# Mayonnaise good or bad?



## H U N T E R (Nov 12, 2012)

Finding it hard to get Tuna down me straight from the tin so was thinkin of mixing it with the likes of mayo and sweet corn? But not sure if the mayo is a good fat or not?


----------



## bobbydrake (Nov 19, 2012)

You will be alright with some mayo (but don't go overboard and don't use low fat mayo). I've not tried to myself (but will soon) but how about trying greek yogurt (and maybe onion, tomato etc)?


----------



## secondhandsoul (Feb 6, 2012)

Make your own mate with coconut oil and eggs. That way you cam control the macros and adjust as needed.


----------



## L11 (Jan 21, 2011)

Do it. And don't worry about using the low fat ones, they won't kill you.


----------



## H U N T E R (Nov 12, 2012)

Cheers guys


----------



## WrightStar (Nov 20, 2012)

H U N T E R said:


> Cheers guys


Mate knock the Mayo on the head and opt for a few lashings of Lee & Perrins on top instead! Orrrr low fat dolmeo bolognese sauce is an absolute winner!


----------



## H U N T E R (Nov 12, 2012)

WrightStar said:


> Mate knock the Mayo on the head and opt for a few lashings of Lee & Perrins on top instead! Orrrr low fat dolmeo bolognese sauce is an absolute winner!

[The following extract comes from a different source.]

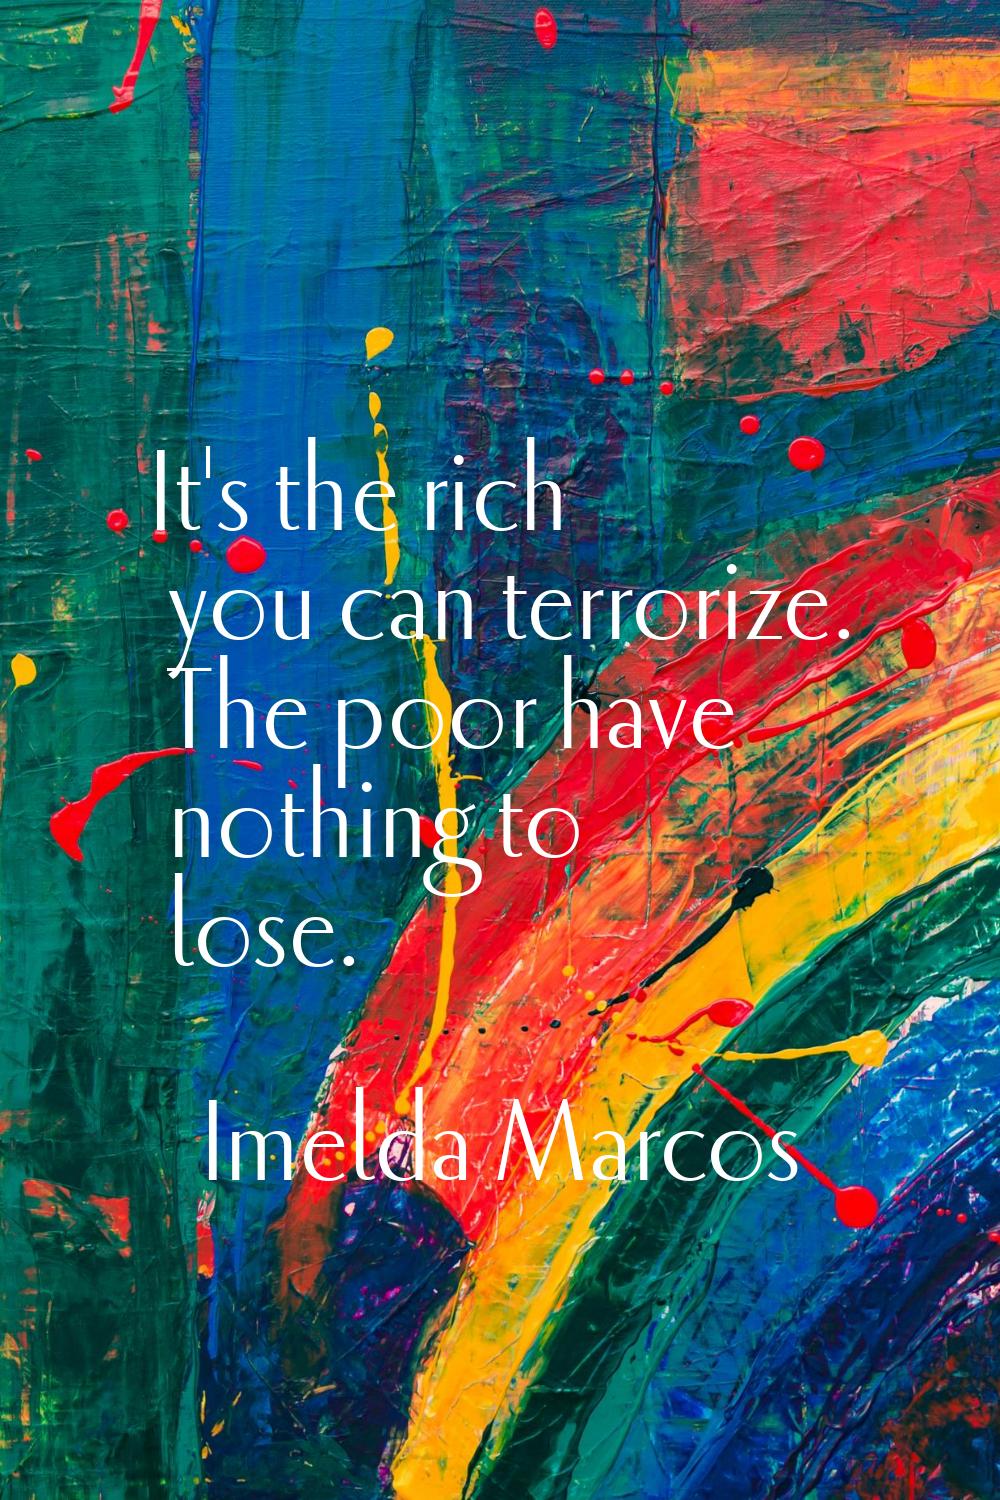 It's the rich you can terrorize. The poor have nothing to lose.

Sounds decent lol! Re send your pm mate couldn't get it cause inbox was full


----------



## barsnack (Mar 12, 2011)

tuna in pancakes is great


----------



## Craigyboy (Feb 9, 2012)

Mayo for me unless you are eating jars of the stuff ed it ain't going to make much difference


----------



## Guest (Feb 10, 2013)

Helmans real mayo. Non of this low fat bol1ocks, that stuff tastes rough.

I use about 2 servings a day of it


----------



## invisiblekid (Jun 18, 2006)

Anything in moderation, that fits in your macros is pretty much fine.


----------



## dtlv (Jul 24, 2009)

The high hydrogenated fat content in mayo isn't great as a staple food, but once in a while the stuff is fine.


----------



## marknorthumbria (Oct 1, 2009)

Get the John west no drain tuna in olive oil tin..I eat 1 a day


----------



## secondhandsoul (Feb 6, 2012)

marknorthumbria said:


> Get the John west no drain tuna in olive oil tin..I eat 1 a day


Mega expensive!


----------



## marknorthumbria (Oct 1, 2009)

it's not. They work out a tin just over a pound in sainsburys right now I have a tin or two at work at my desk inbetween proper meals


----------



## marknorthumbria (Oct 1, 2009)

I have like 20 tins in my draw haha


----------



## Xbigdave79 (Mar 30, 2012)

Low fat salad cream is much nicer and a lot healthier


----------



## bobbydrake (Nov 19, 2012)

Don't know about low fat salad cream being healthier - generally anything labelled low fat has had loads of sugar added (and salad cream in general is less healthy than mayo - yes mayo has more fat but that isn't the main problem). Just tried tuna with greek yogurt (and pepepr) and it tastes fine - my new go to now instead of mayo


----------



## H U N T E R (Nov 12, 2012)

I don't like the plain Greek yoghurts I prefer the ones with honey. Got myself some tinned mackerel in tomato sauce to try today at around 3/4 pm


----------



## Strongr (Oct 4, 2012)

I use mayo all the time, the way I see it at the momen unless your trying to get to low single digits its not going to ruin much


----------



## Dr Manhattan (Jan 8, 2012)

If you like cottage cheese, put some of that through it, along with some jalapeno slices to give it a kick. Well nice!


----------



## r-w (Feb 13, 2013)

Mayonnaise is a high fat product (about 75% fat for full fat, depending on brand) Of this though, only a moderate amount is saturated fat. It isn't a bad fat necessarily but it is calorie dense - about 100 kcal in a sachet of full fat mayo. Low fat mayo when mixed into things tastes pretty much the same and has about half the calories and saturated fat, with a bit more carbohydrate.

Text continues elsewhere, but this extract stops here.